Blum und Haugaard haben eine starke Verbindung zur Natur. Sie ist in ihrer Heimat Dänemark seit Langem eine gefeierte Künstlerin – schon allein wegen ihres musikalischen Könnens und ihrer ausdrucksstarken Stimme. Sie hat in Europa, aber auch in Nordamerika und Japan ein treues Publikum gefunden, das die von Ehemann Haugaard arrangierten alten dänischen Lieder zu schätzen weiß.
Harald und Helene waren noch Kinder, als sie sich in der Musikschule kennenlernten, sie war sieben, er elf. Eigentlich wollte Helene Pianistin werden. Nach Ausflügen ins Musiktheater und Opernfach suchte sie aber andere kreative Herausforderungen. Beschäftigte sich mit zeitgenössischer Lyrik, Kunst und nordischen Mythen. Helene Blums und Harald Haugaards Tonkunst bewegt sich heute zwischen den Welten und vereint Jazz, Klassik, Pop und natürlich Folk – ein Folk des 21. Jahrhunderts. Mal akustisch, mal elektronisch.

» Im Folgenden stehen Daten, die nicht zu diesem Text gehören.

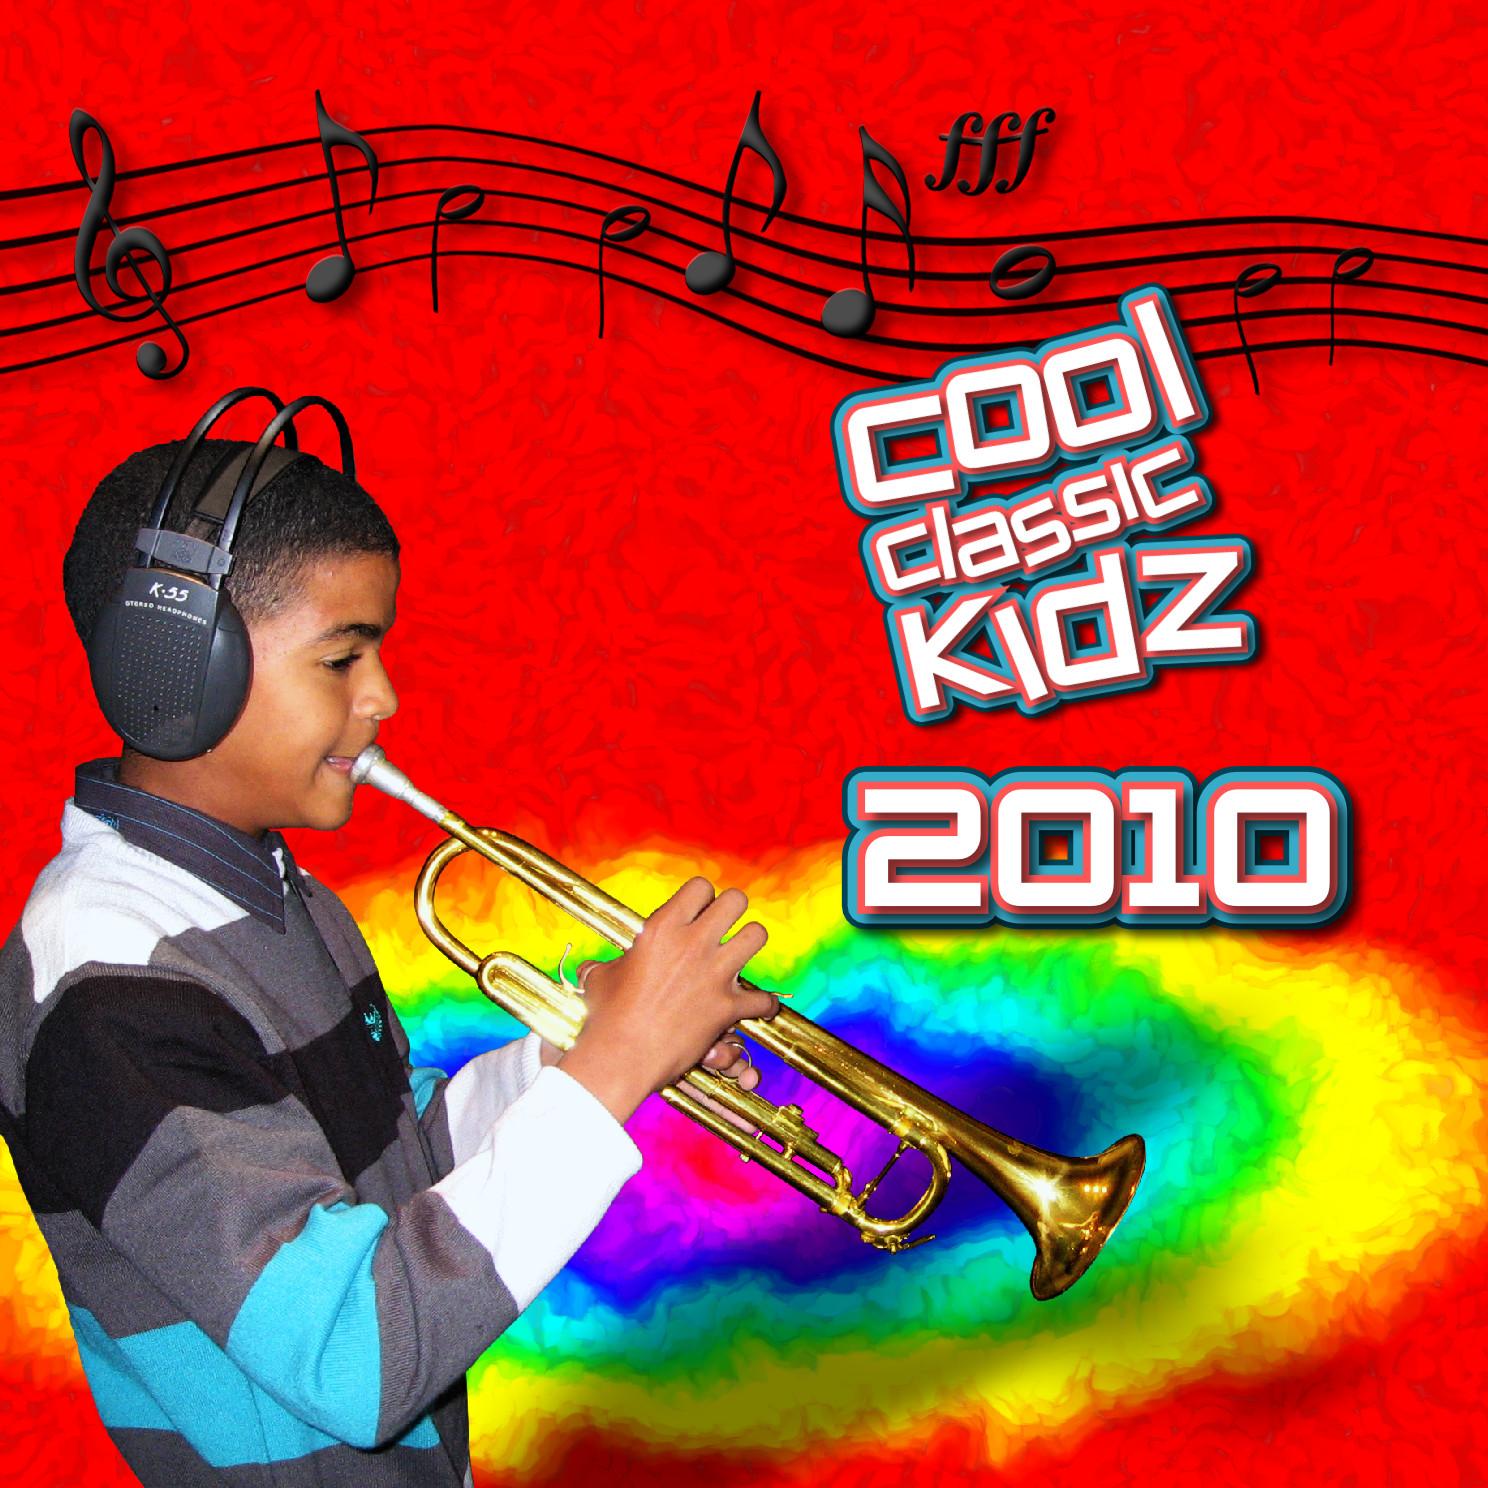 Kidz Index

Mal schnell, in die Beine gehend, zum Mitwippen und Tanzen anregend. Dann wieder melancholisch, fast meditativ.

Mit diesem Profil haben die beiden Musiker mittlerweile eine ganze Reihe von Preisen abgeräumt. Darunter auch den Preis der deutschen Schallplattenkritik oder den renommierten europäischen Folkmusikpreis „Eiserner Eversteiner". Helene Blum und Harald Haugaard wurden zu Kulturerbe-Botschaftern ernannt und haben Deutschland im Europäischen Kulturerbejahr 2018 vertreten. Ihr Projekt „The Sharing Heritage Love Tree Ensemble" ist ein Ensemble von elf Musikern aus zehn europäischen Ländern, darunter Finnland, Nordirland, Italien und Portugal. Dabei ist auch der deutsche Musiker Albin Paulus. Eine musikalische Bandbreite mit ganz unterschiedlichen Traditionen ergibt sich so.
Projekt mit Musikern aus zehn Ländern
Einige der vertretenen Künstler kann man jetzt in Berlin erleben – in der Passionskirche in Kreuzberg. Helene Blum und Harald Haugaard laden hier zu ihrem schon fast traditionellen Weihnachtskonzert ein. Einer der Gäste ist der Gitarrist Mattias Pérez, der als einer der führenden schwedischen Folkmusiker mit verschiedensten Formationen weltweit tourt.
Mit von der Partie ist außerdem die Cellistin Sophie Abraham, eine in Wien lebende Musikerin. Die genau wie alle anderen Musiker bei diesem besonderen Konzert Spaß an kreativen Grenzüberschreitungen hat.